Installing breakpoints 

Wtf has a function named SetupUsermodeCrashDetectionHooks() which will install breakpoints that will be triggered when a userland crash happens. Calling this function at the initialization stage of our custom fuzzer will allow us to detect dwm.exe crashes and immediately restore the snapshot and continue fuzzing after saving the test case. 

Furthermore, you need to make sure that an appropriate breakpoint is installed which marks the end of a single test case execution. If not, the test case always times out, slowing down the overall fuzzing speed. This should be a location inside dwmcore.dll where it finished processing data from the kernel. By looking at call stack of publicly disclosed vulnerabilities, we decided to test the withsetting breakpoint at the end of dwmcore!CKernelTransport::DispatchBatches. 

Miscellaneous 

While testing our fuzzing setup, we noticed that it always crashes at the function named D3D10Warp!ProcessorThreadSpecificData::ExecuteProgram_JIT when it is executed inside the snapshot. We used wtf’s backend SimulateReturnFromFunction() to return from this function without actually doing anything which made it no longer crash in the snapshot. 

Results 

We have fuzzed Direct Composition with our custom fuzzer and successfully caught dwm.exe crashes using generated test cases. 

The size of each test case greatly affects the execution speed, as it relates to the number of system calls executed. The system call requires emulating a large number of machine instructions by Bochscpu that are not directly related to fuzzing Direct Composition. This should be reduced for better performance. There are some unpatched denial-of-service kernel bugs that exist, which are triggered using a small combination of system calls. Therefore, a large test case has a higher probability of terminating the test case early. Although our fuzzer works as intended, there is still a lot of room for improvement. 

Future Research 

Batch processing 

There are some features inside Direct Composition that can only be executed by the so-called “batch command,” such as setting a property value in a kernel object. Batch commands are handled by calling NtDCompositionProcessChannelBatchBuffer. Multiple batch commands can be executed with a single system call which reduces the bottleneck of switching between kernel and userland. For the ease of fuzzer implementation however, only a single batch command is included in every batch processing system call. Supporting multiple batch commands in a single NtDCompositionProcessChannelBatchBuffer call test case generation and mutation will significantly increase the fuzzing speed. 

Targeting race condition 

Since mapped shared memory used in Direct Composition can be manipulated from the kernel and userland, Direct Composition can be vulnerable to race conditions, which was the case with some of the vulnerabilities found by Hillstone Networks researchers. Although our fuzzer can generate such test cases, it will be interesting to aid the fuzzer in generating a test case that specifically targets race conditions. 

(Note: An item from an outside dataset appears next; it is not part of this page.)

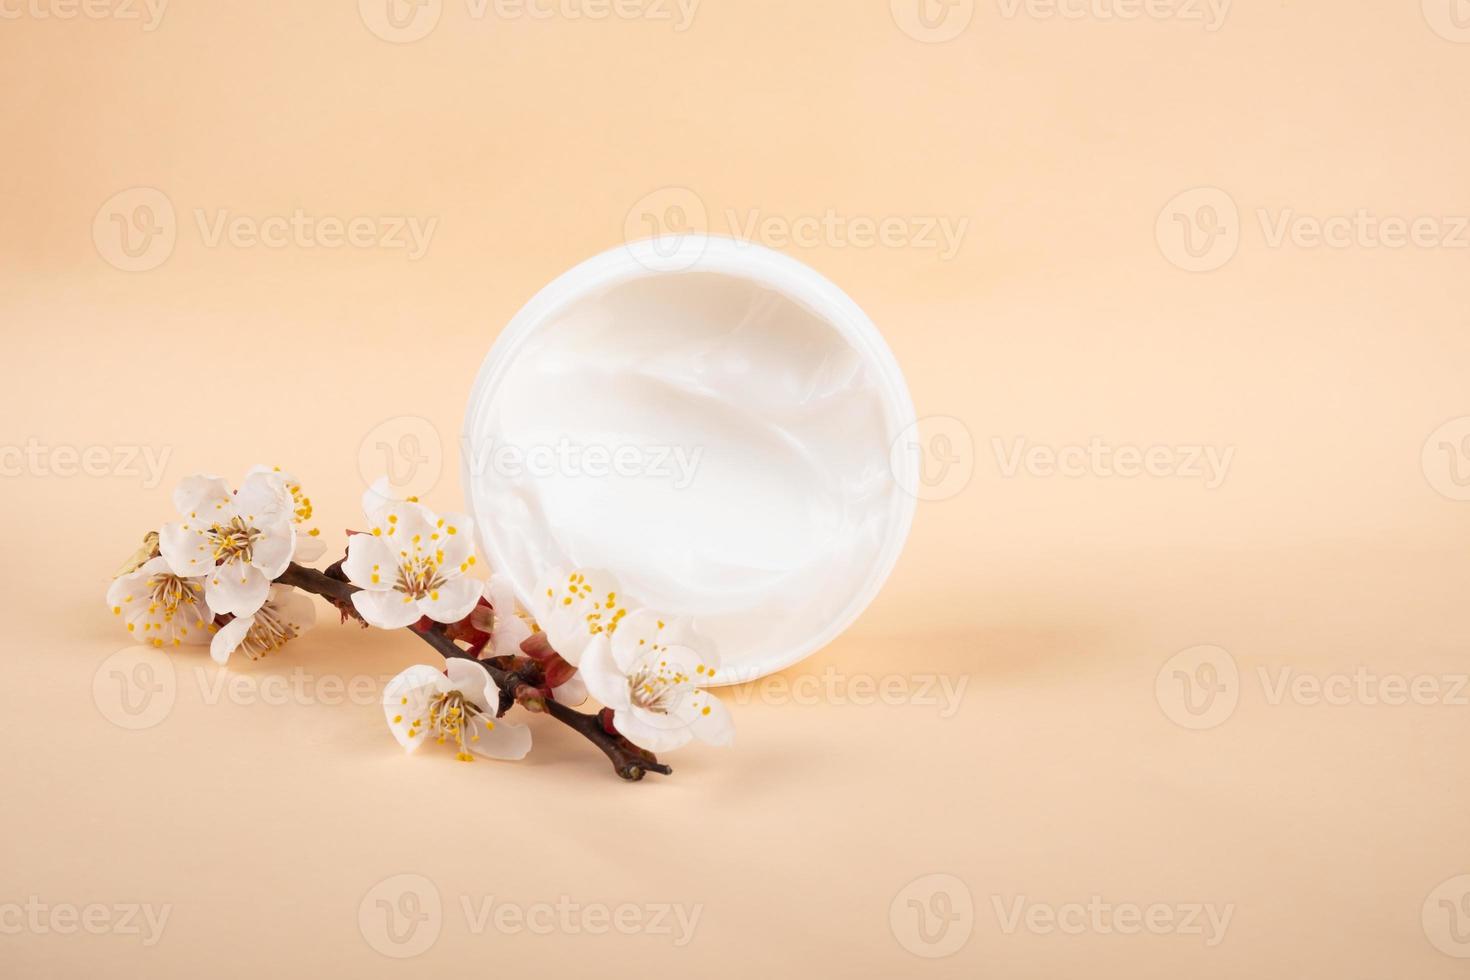 schoonheid en huidverzorging, crèmecosmetica met lentegeur van bloemen op een delicate beige achtergrond foto
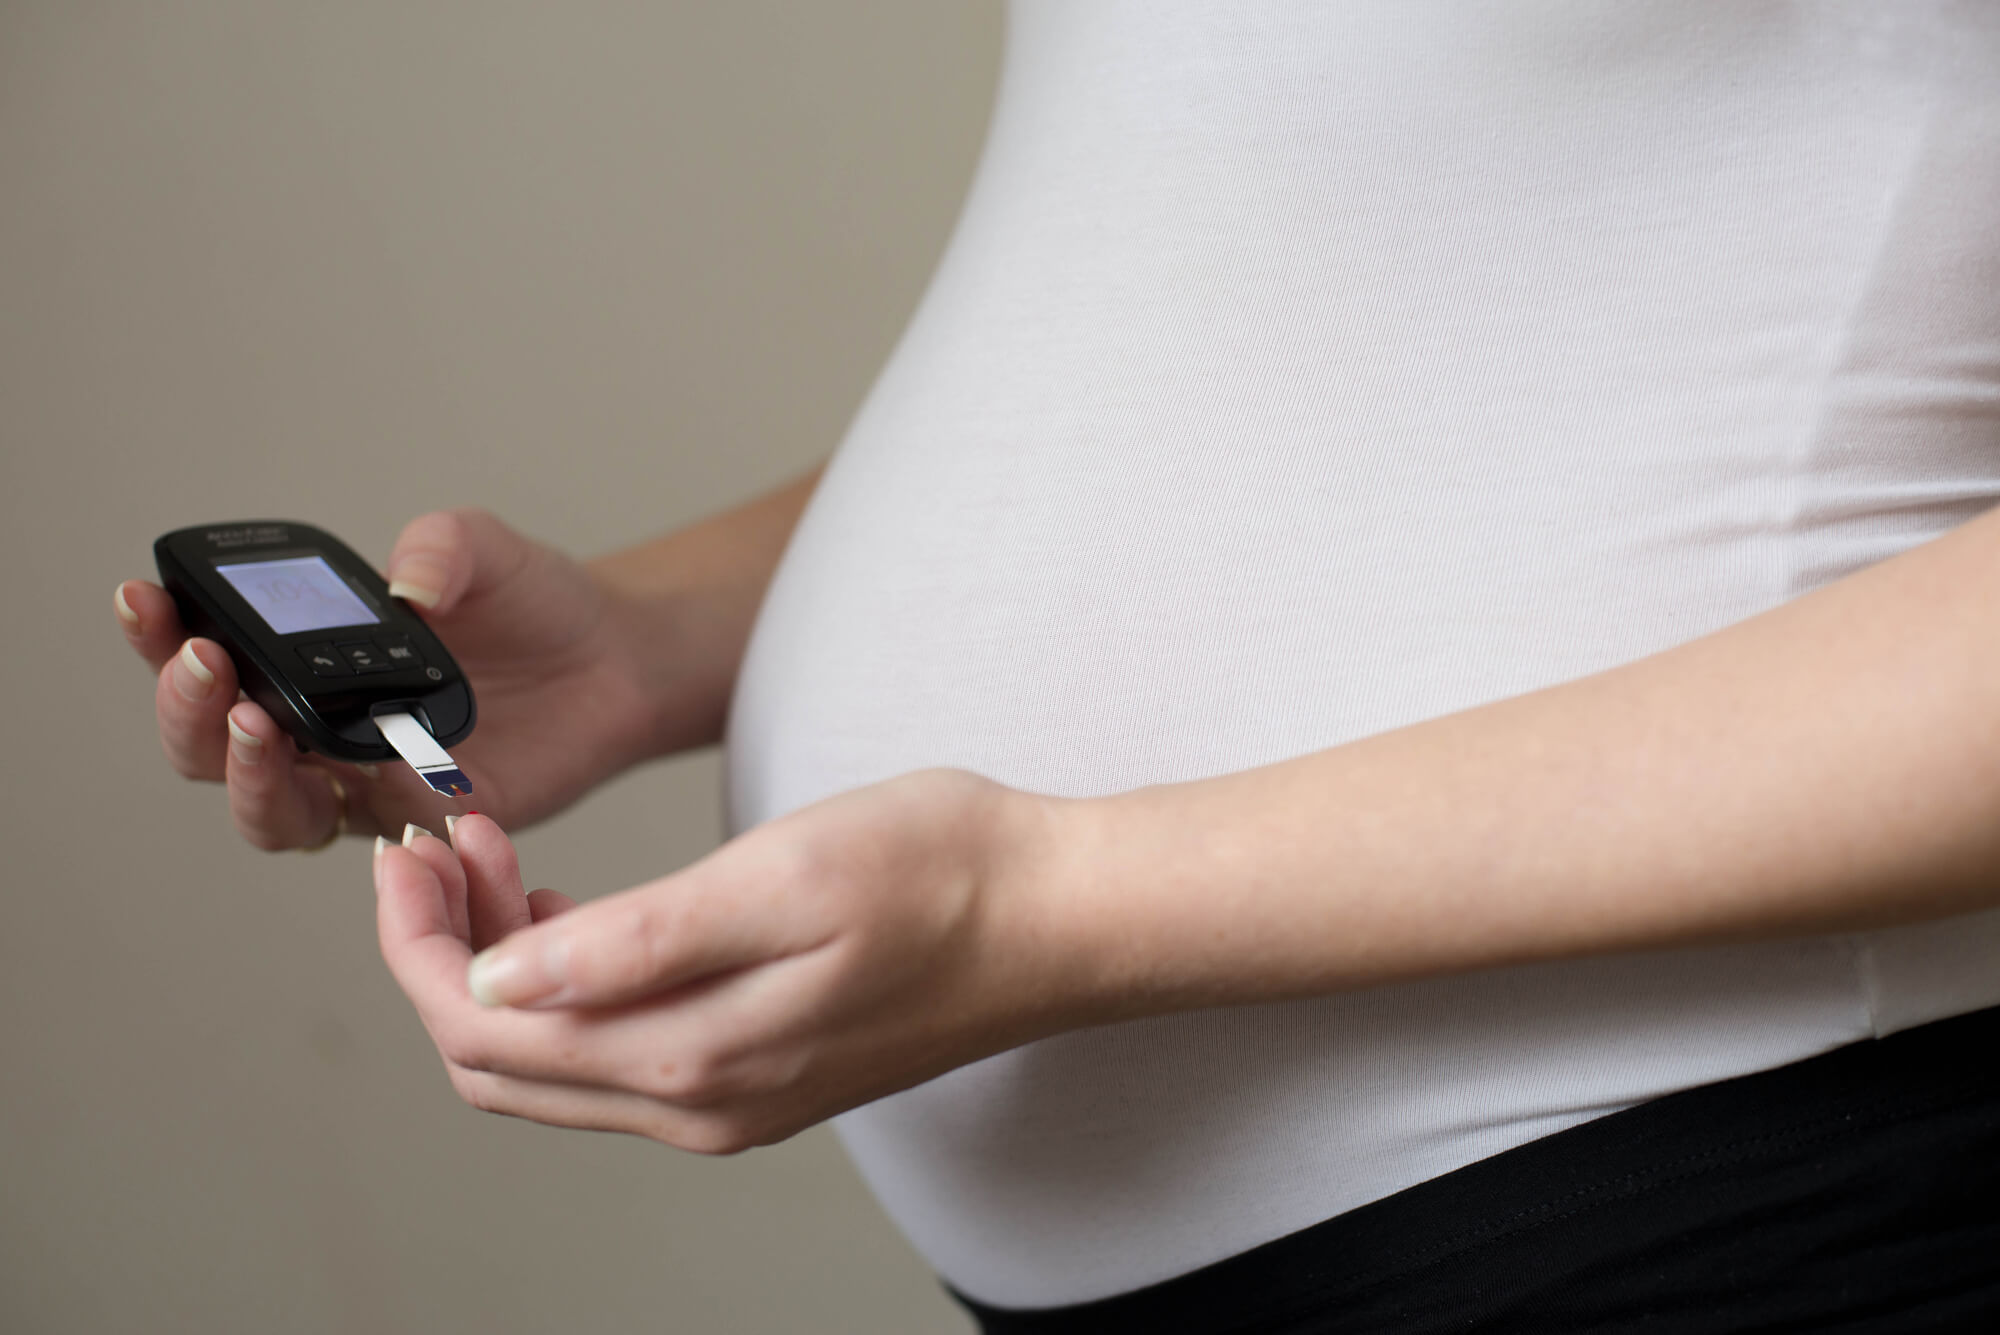 סוכרת בהריון - בדיקת העמסת סוכר - ארגון המיילדות בישראל

Faster and better mutation 

Although basic mutation is already available, it can be improved. For example, some resource types take structured data as property value and how it is generated and mutated affects the quality of fuzzing. Because there are so many resource types, there is more work to be done to improve the correctness. Furthermore, the mutation itself is quite heavy since each instruction in the test case is abstractly interpreted again. Reducing the need for abstract interpreting every single instruction will also greatly improve overall performance. 

Maintenance 

When a new Windows build is released, there is a chance that the Direct Composition component will be updated. It is a tedious job to check which resource type was removed or added etc. Automatic extraction of available resource types and their properties can greatly help maintain our fuzzer. There are currently more than 200 types of resource marshalers and manual maintenance requires a lot of work. Using scripting on popular disassemblers may help with this research.